Today, we will discuss one of the most common estate tax avoidance strategy: the A-B trust, the Family Trust, or the credit shelter trust. Thanks to the Taxpayer Relief Act of 2010, many clients won’t require this kind of estate planning anymore, but the A-B Trust still has important and handy uses and should always remain a consideration for every estate plan.
The 2010 TRA raised the estate tax exemption from around $1 million to $5.43 million in 2015, making estate tax avoidance unnecessary for all but the top 1%. It also introduced estate tax exemption portability, which allows a surviving spouse to use any unused portion of the deceased spouse’s estate tax exemption.
Related: The Caveats of Estate Tax Exemption Portability
How it works
Here’s how the A-B Trust works. The family assets are divided into two portions. Each spouse then establishes a trust for the benefit of the other, with the remainder going to the children or other heirs. Then both spouses’ wills give all of their individual assets to the trust that each has established for each other. Upon the death of the first spouse, that spouse’s trust becomes the “B” or “Family” trust, and is now irrevocable. Assets amounting up to $5.43 million pass into this trust, thus using up the deceased’s estate tax exemption. The remainder of the deceased’s assets flow to the spouse’s “A” trust, which is also exempt from estate tax because of the unlimited marital exemption (which means you can give an unlimited amount to your spouse during life or at death). The $5.43 million is sheltered from estate tax, and won’t be counted in the surviving spouse’s estate since it has already been gifted. It will now pass to the remainder beneficiaries of the trust tax-free.
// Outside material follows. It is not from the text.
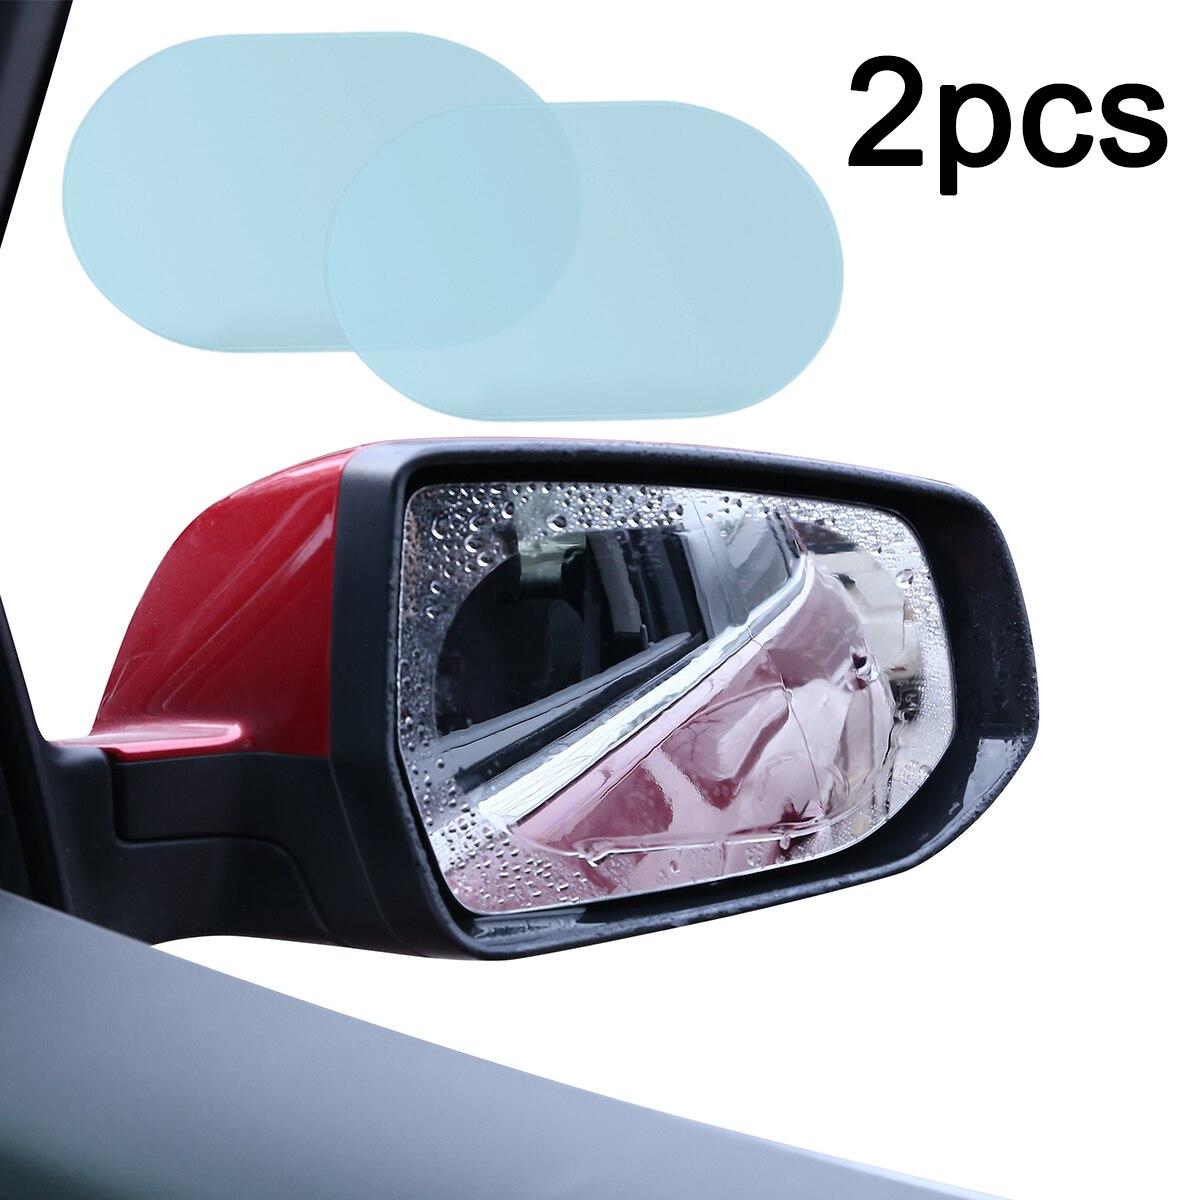 Mayitr 2 sztuk 140*100MM owalne samochodów Anti Water mgła Film przeciwdeszczowa lusterko ochronne okienko Film

Why is this important? Before 2010, if the first spouse died leaving everything to the surviving spouse (using an “I love you will”), the estate tax exemption would be lost. For example: assume H has $5 million in assets and W has $5 million in assets. H dies leaving everything to W, which passes tax-free using the unlimited marital deduction. W now has $10mm in her estate and when she dies will be taxed on $10mm less her $5.43mm estate tax exemption. She would have been unable to use H’s exemption since it was lost.
This is no longer the case now, except under specific circumstances such as when the surviving spouse remarries. Read about portability here.
There are specific situations where a tailored A-B Trust is the best fit for clients. The most common example is when a spouse has children from a previous marriage that he or she wants to provide for. For example, assume again H and W each have $5mm in assets. H has two children from a previous marriage that he wishes to leave $2mm to. H would then create an A-B trust setup where the surviving spouse is the beneficiary of the “A” trust and the children are the beneficiaries of the “B” trust. H would then fund the “B” trust with $2mm, reducing his estate tax exemption to $3.43 million, which then can be carried forward and used by W when she passes. The remainder of the funds flow to the “A” trust, which then counts as a gift to a spouse and is exempt under the unlimited marital deduction.
The biggest complaint about A-B trusts stems from how the “B” trust must be managed after the first spouse dies. Since this trust is irrevocable upon death, the surviving spouse must adhere exactly to the trust agreement or risk losing the estate tax exemption. This means that the money is locked up and must be administered according to the plan and may not be used for any other purpose. A trust can be drafted to give a surviving spouse maximum flexibility, but there is still a requirement to manage the trust funds with an eye to the remainder beneficiaries (such as the children). Many people view this as a “loss of control” which can be a burden for surviving spouses.
An A-B Trust is useful in certain circumstances like a blended family. It doesn’t have the same impact and effect it used to, however, so beware if a professional recommends one for you — he or she may be working from a playbook written before 2010. As always, a competent and professional estate planning attorney is a solid investment.